> _EXERCISE DATA_
---*---

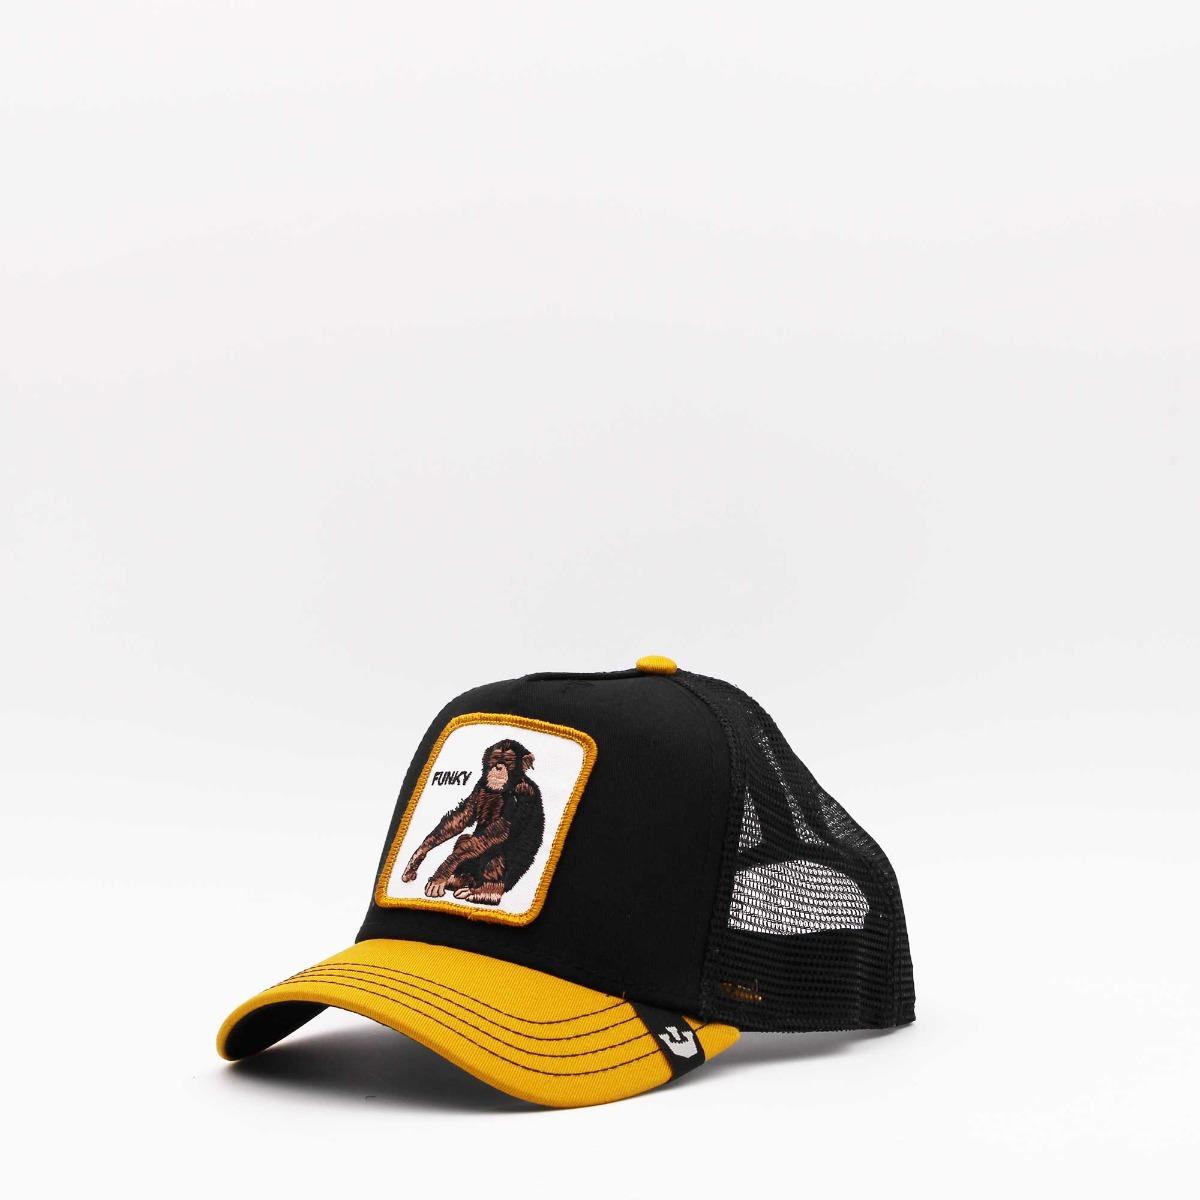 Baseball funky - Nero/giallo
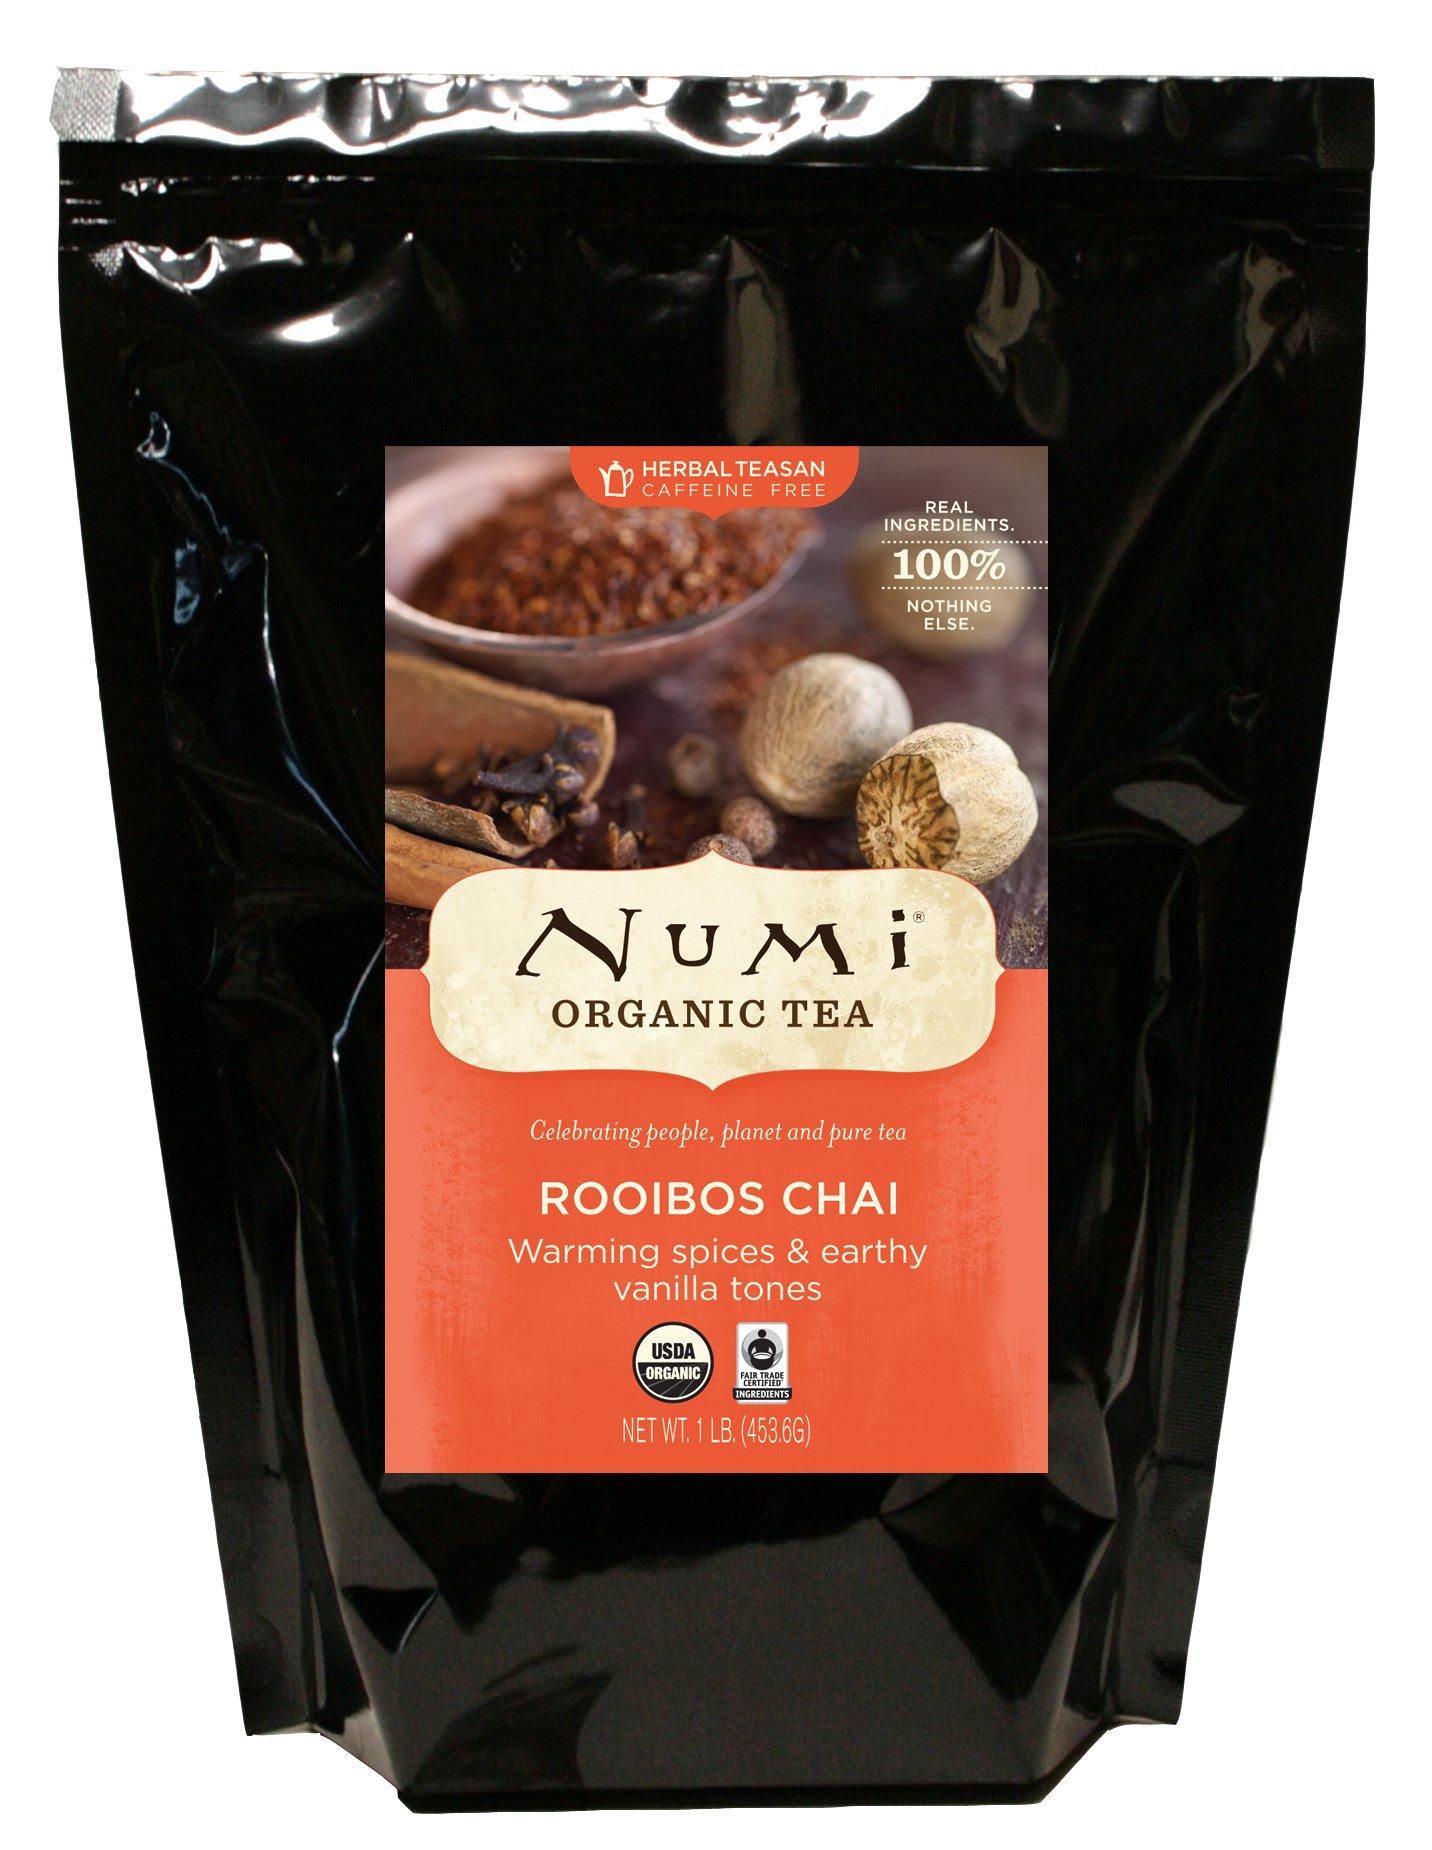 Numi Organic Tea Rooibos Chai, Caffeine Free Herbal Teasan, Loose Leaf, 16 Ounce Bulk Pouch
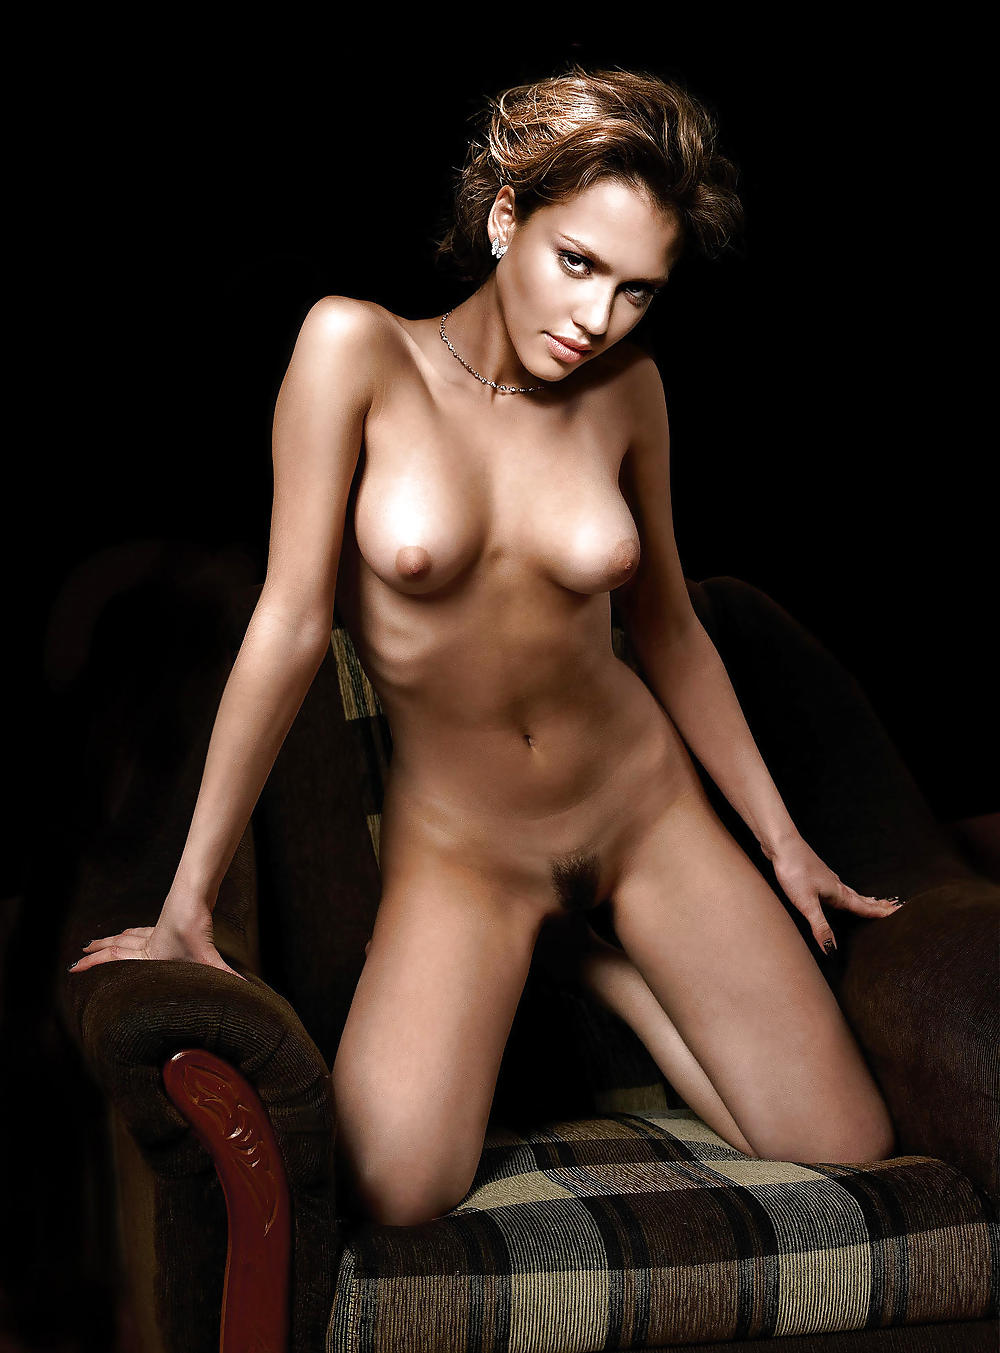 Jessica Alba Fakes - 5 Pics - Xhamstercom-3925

---*---

> _PROBLEM DESCRIPTION_
Pictures are to be left out; the rest of the listing should be printed exactly.

> _ANSWER SPACE_
 Baseball funky - Nero/giallo
 Numi Organic Tea Rooibos Chai, Caffeine Free Herbal Teasan, Loose Leaf, 16 Ounce Bulk Pouch
 Jessica Alba Fakes - 5 Pics - Xhamstercom-3925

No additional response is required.